Collapse and self-similarity of a turbulent jet in a pycnocline

A direct numerical simulation is used to analyze the dynamics of a turbulent jet in a pycnocline. A horizontal cylindrical jet with a Gaussian mean velocity cross profile is considered. The velocity maximum lies within the pycnocline, and the initial jet diameter is set equal to the pycnocline width. In the numerical simulation, the Reynolds and Froude numbers in the jet are set close to their typical values measured in far wakes in laboratory experiments. The results suggest that two stages can be distinguished in flow development. At the initial stage (at times Nt < 10, where N is the characteristic buoyancy frequency), the vertical mean-velocity profile contracts, and vertical turbulent velocity fluctuations are collapsed, which is accompanied by the generation of internal waves. The mean velocity considerably exceeds the velocity in an unstratified jet at the same times.

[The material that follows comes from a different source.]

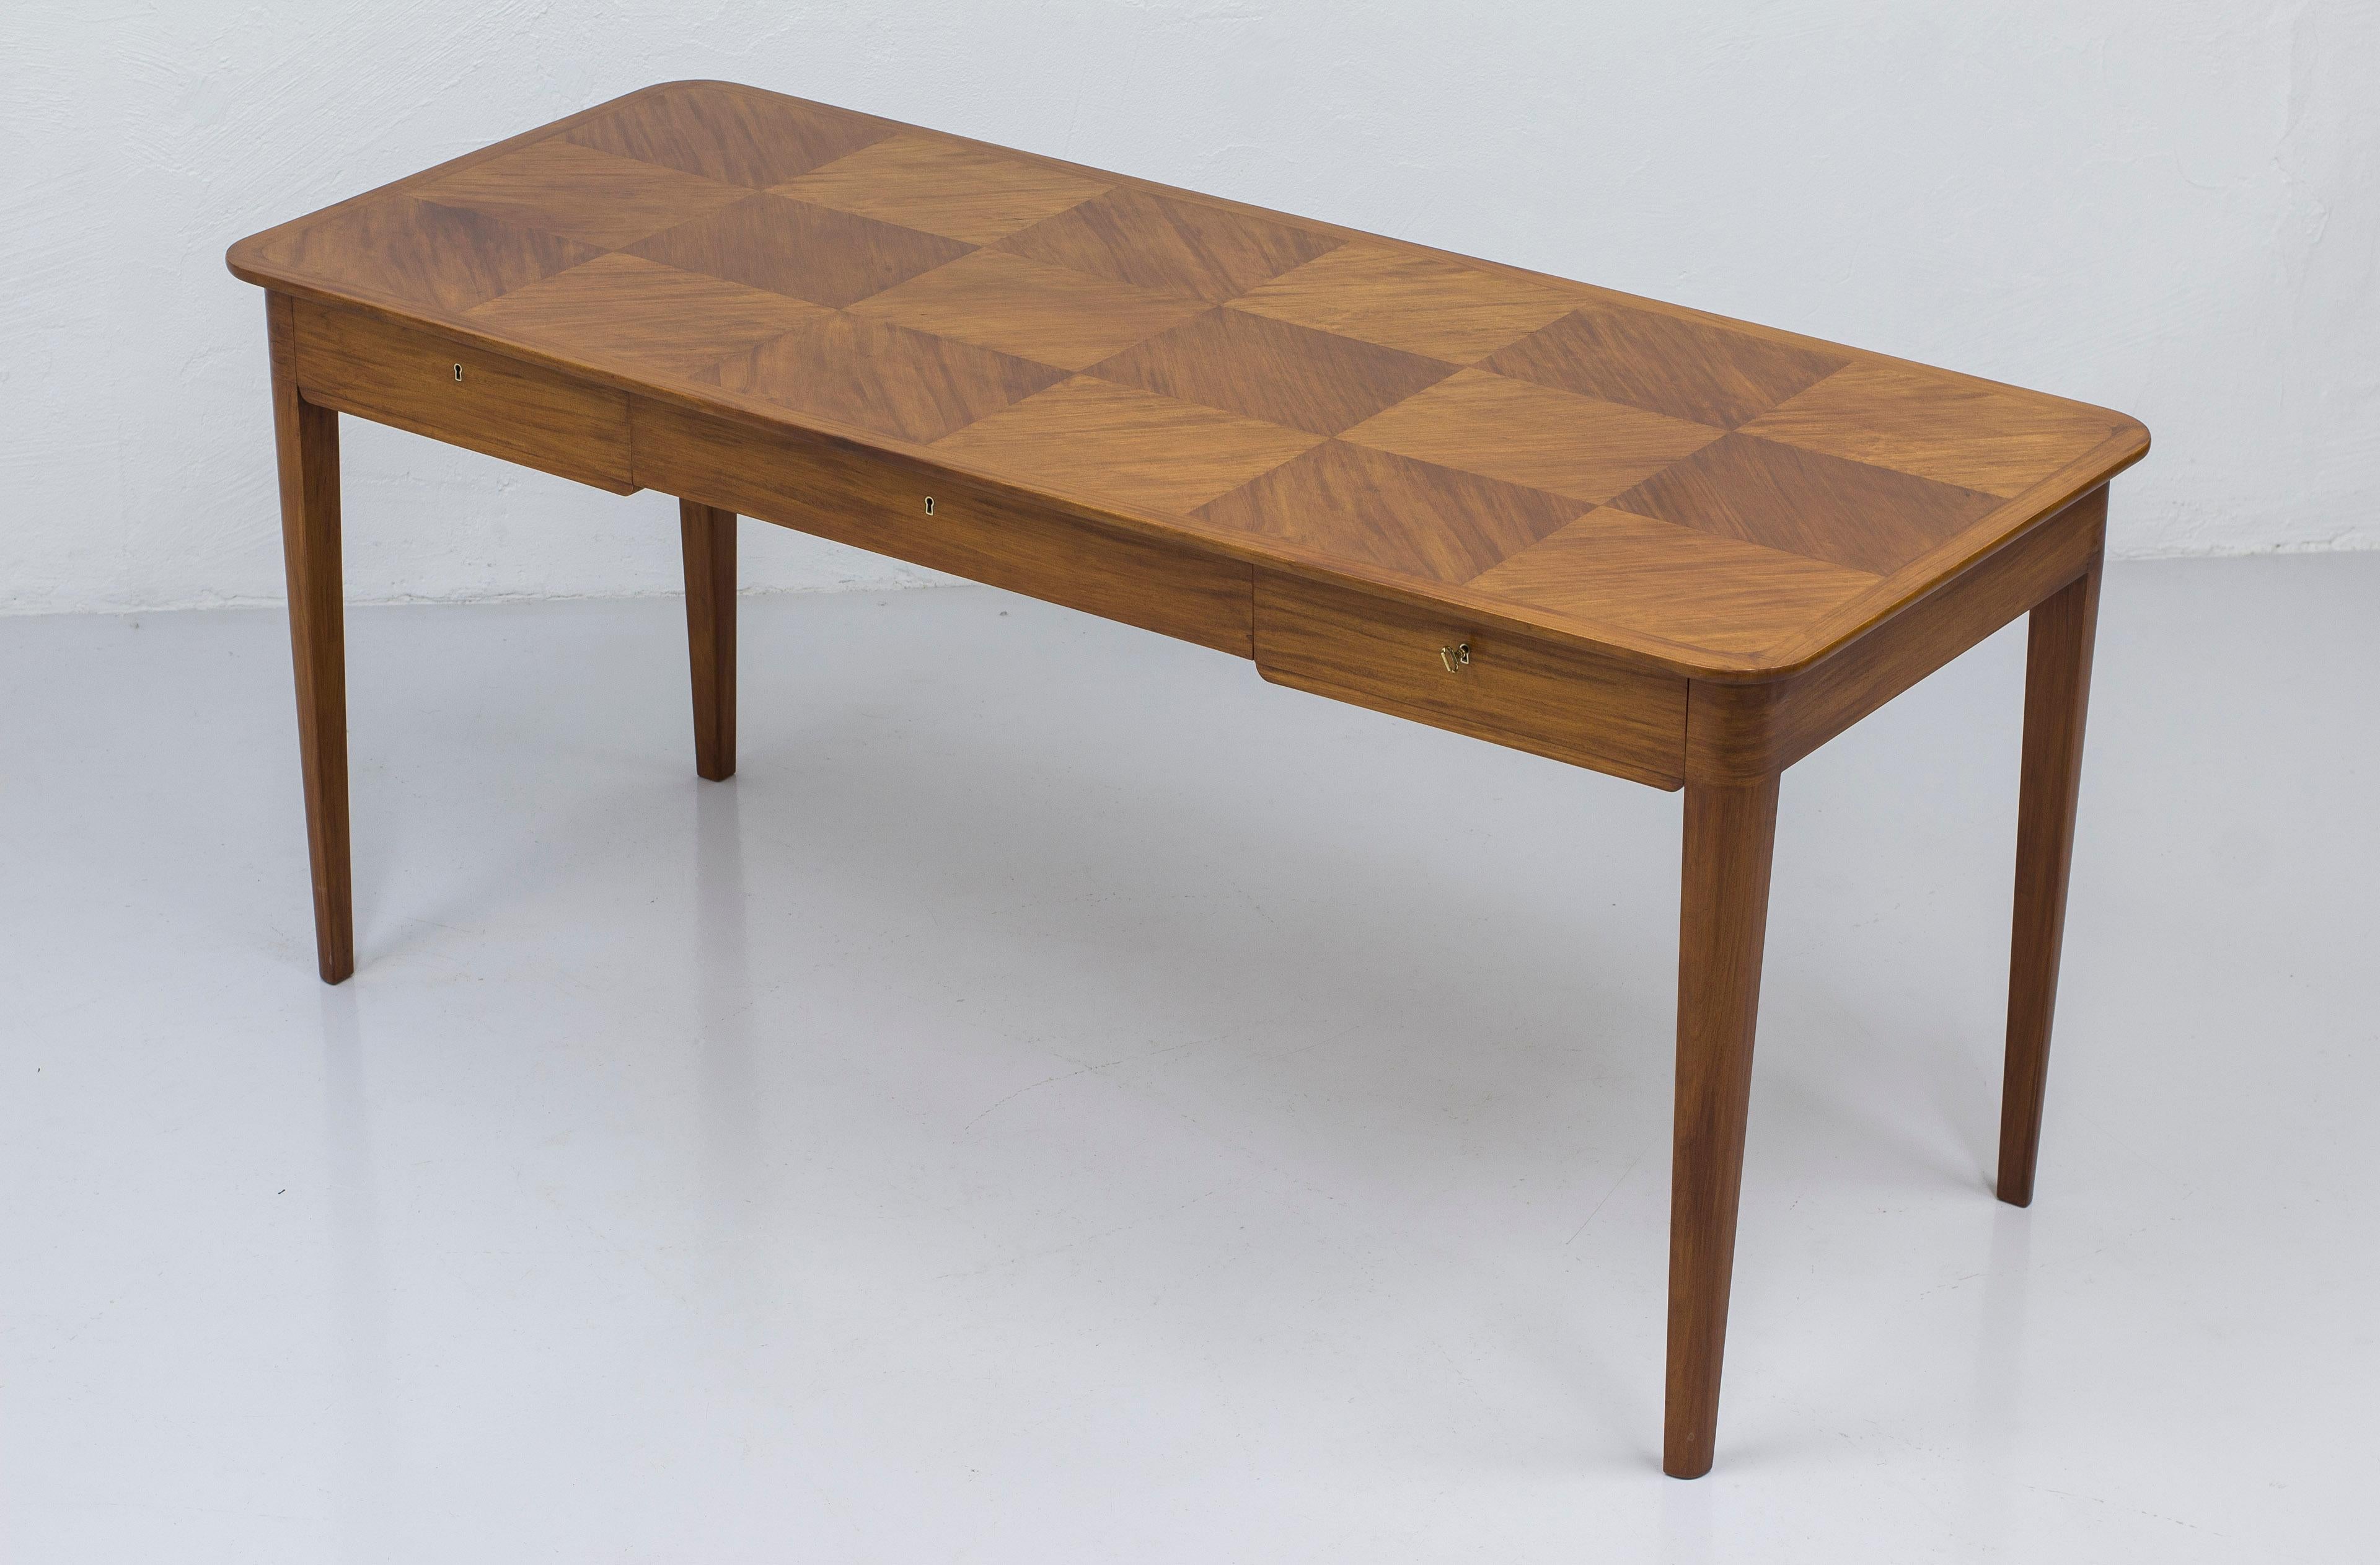 Swedish modern desk designed by interior architect Oscar Nilsson. Produced in Stockholm, Sweden by Cabinetmaker Allan Lindgren in 1938. Made from fruitwood with beautiful checker pattern on the table top. Beautifully crafted with solid wood on the

At the next stage, occurring at 10 < Nt < 100, the jet flow becomes self-similar. Large-scale vortices with vertical vorticity of alternating sign are formed at this stage. They are arranged in a staggered pattern near the streamwise (x) centerline of the jet. When Nt is sufficiently large, the streamwise vorticity field consists of oppositely signed transverse layers. The time dependences of the maximum mean velocity and the spanwise and vertical jet widths are described by asymptotics that agree well with experimental data. The asymptotics of the jet velocity and width are estimated theoretically as based on the property that the flow is self-similar and quasi-two-dimensional at late times. The estimates are in good agreement with the numerical results and experimental data.